Тогда я пересказал ей свои идеи насчет влияния кардинала-герцога Лермы в Риме и так далее. Агнес ответила, что надеяться на согласие дона Гастона, даже если он узнает мое подлинное имя, значит не знать ее отца. Великодушный и добрый во всех других отношениях, он становится твердокаменным в своих суевериях. Он способен пожертвовать всем, что ему дорого, ради щепетильности и воспримет как оскорбление саму мысль о том, что он может разрешить дочери нарушить обеты, данные Господу.
– Ну, допустим, – перебил я ее, – допустим, он не одобрит наш брак. Пусть же не знает о том, что я предприму, пока не вызволю тебя из тюрьмы, куда он тебя заточил. Став моей женой, ты освободишься от его власти. В его деньгах я не нуждаюсь; и когда он увидит, что его обида меня не задевает, то без сомнения вернет тебе свою милость. Но даже если случится худшее, и дон Гастон на примирение не пойдет, мои родичи будут наперебой стараться помочь тебе забыть эту потерю; мой отец заменит тебе родителя, которого ты лишишься из-за меня.
– Дон Раймонд, – ответила Агнес твердо и решительно, – я люблю отца. Он жестоко обошелся со мной лишь в этом случае; но до того он давал мне столько доказательств своей любви, что жить без его благосклонности я не смогу. Если я покину обитель, он не простит меня никогда; он и на смертном одре бестрепетно проклянет меня. К тому же я сама считаю необходимым соблюдать обеты. Я добровольно обязалась служить царю небесному, если нарушу – стану преступницей. Итак, оставь навсегда мысли о нашем браке. Я предана религии и, как бы ни горевала о разлуке, буду сопротивляться всеми силами тому, что может сделать меня виновной.
Я попытался преодолеть ее неоправданную щепетильность.
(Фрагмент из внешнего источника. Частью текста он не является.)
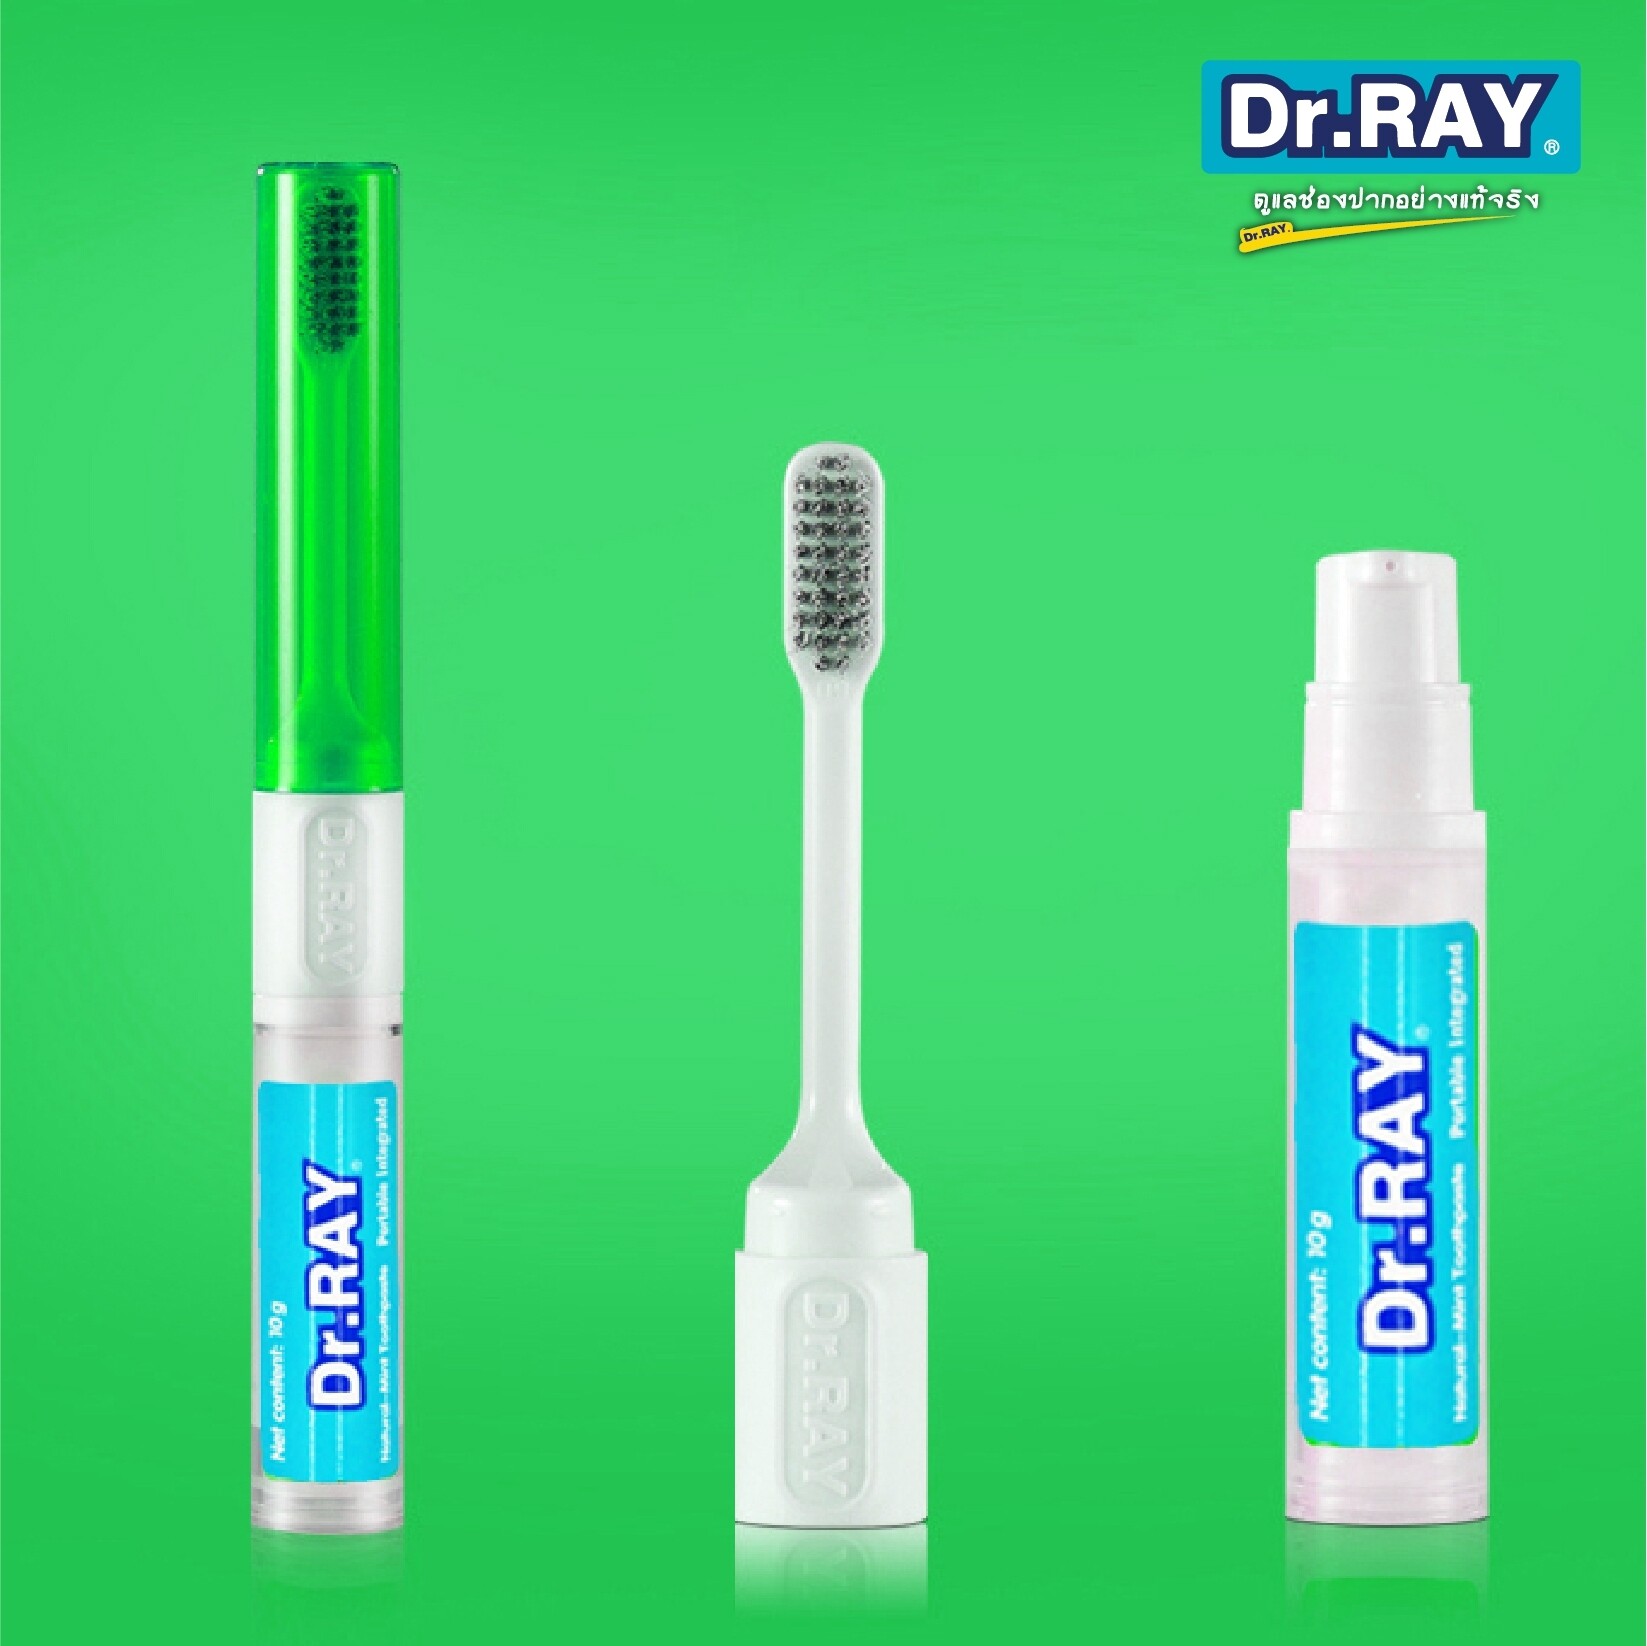 Dr.Ray แปรงสีฟัน ดอกเตอร์ เรย์ แบบพกพา 2 in 1 สำหรับเดินทางหรือใช้ที่ทำงาน สะดวกในการใช้ รุ่น PORTABLE INTEGRATED D82(แพ็ค 1 ชิ้น#ดร.เรย์)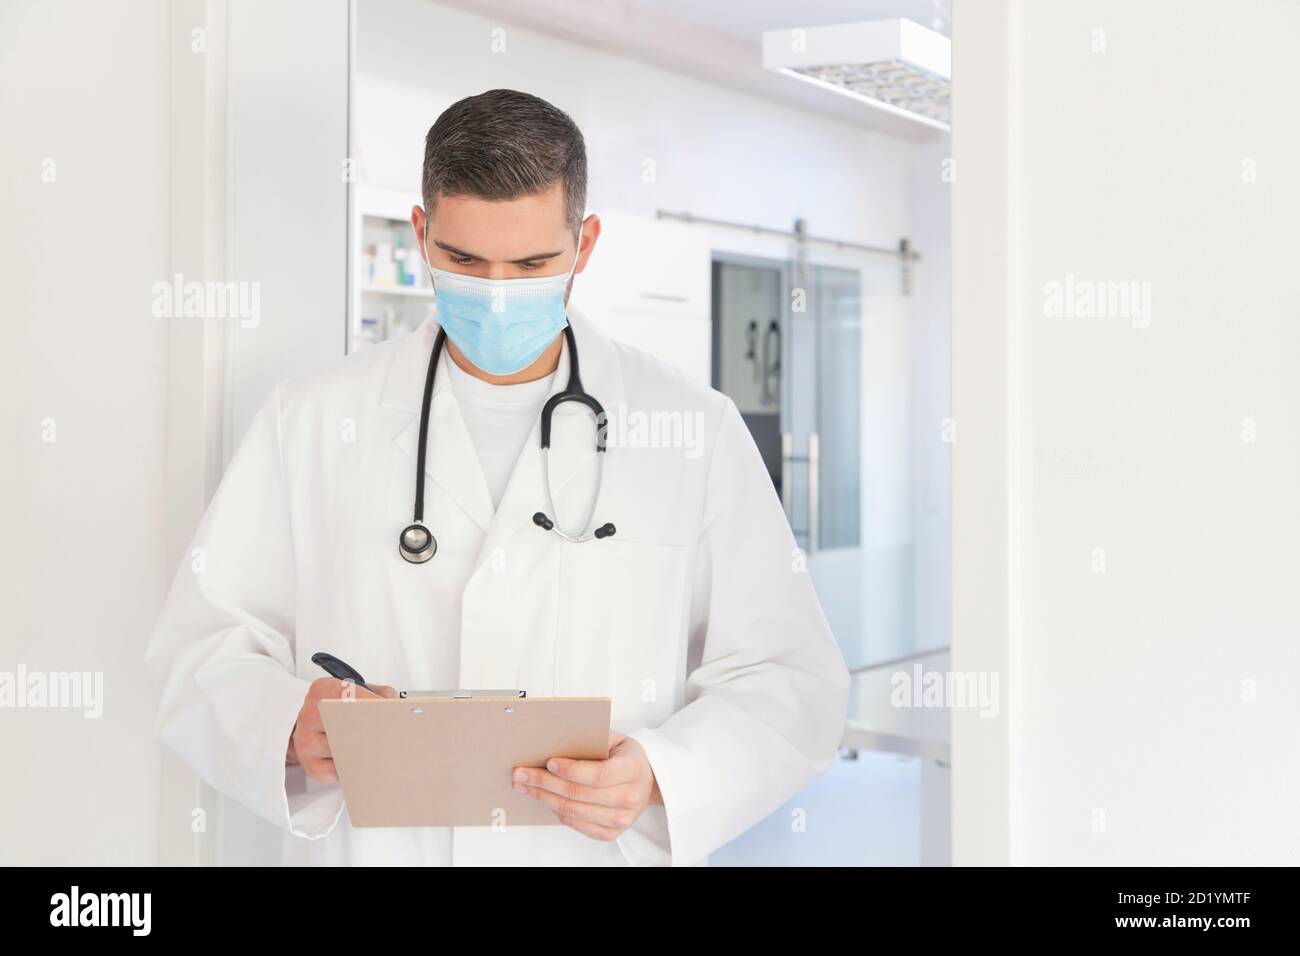 Junger Arzt mit OP-Maske vor der Operation nehmen Notizen - Fokus auf das Gesicht Stockfoto

Мы все еще спорили, когда колокол обители призвал монахинь на заутреню. Агнес пришлось уйти; но она пообещала, по моей просьбе, что на следующую ночь придет в тот же час и на то же место.
Свидания эти продолжались без перерыва несколько недель… Вот теперь я должен умолять тебя о милосердии, Лоренцо. Подумай, в какие обстоятельства мы попали, как сильно полюбили, и ты признаешь, что искушение было непреодолимо, и простишь меня. В момент самозабвения честь Агнес была принесена в жертву моей страсти…
Глаза Лоренцо загорелись гневом; густо покраснев, он вскочил и взялся за эфес шпаги. Маркиз удержал его руку и дружески пожал:
– Друг мой! Брат мой! Дай мне договорить! Учти хотя бы, что увлечение наше если и было преступным, то виноват в нем я один, а не твоя сестра.
Лоренцо поддался на уговоры дона Раймонда, снова сел и стал слушать дальше, мрачно насупившись.
– Едва прошел первый приступ страсти, – продолжил маркиз, – как Агнес, опомнившись, в ужасе отпрянула. Она назвала меня бесчестным соблазнителем, осыпала горькими упреками и била себя в грудь в безумном возбуждении. Стыдясь своей несдержанности, я не знал, как оправдаться, пытался утешить ее, просил прощения, взял за руку и хотел поцеловать. Она резко вырвалась и вскричала с такой яростью, что я ужаснулся:
– Не прикасайся ко мне! Чудовище коварства и неблагодарности, как я обманулась в тебе! Я видела в тебе своего друга, защитника; я надеялась, что не подвергну опасности свою честь, доверяясь твоей. И вот ты, кого я обожала, опозорил меня! Из-за тебя я презрела обеты, данные Господу, из-за тебя пала ниже самой падшей женщины! Позор тебе, вероломный, ты не увидишь меня более!
Она вскочила со скамьи и умчалась в сторону обители. Удержать ее я не смог.
Я ушел, угнетенный смятением и тревогой. На следующее утро я, как обычно, приступил к работе в саду; но Агнес нигде не было видно. Ночью я напрасно ожидал ее на месте наших свиданий.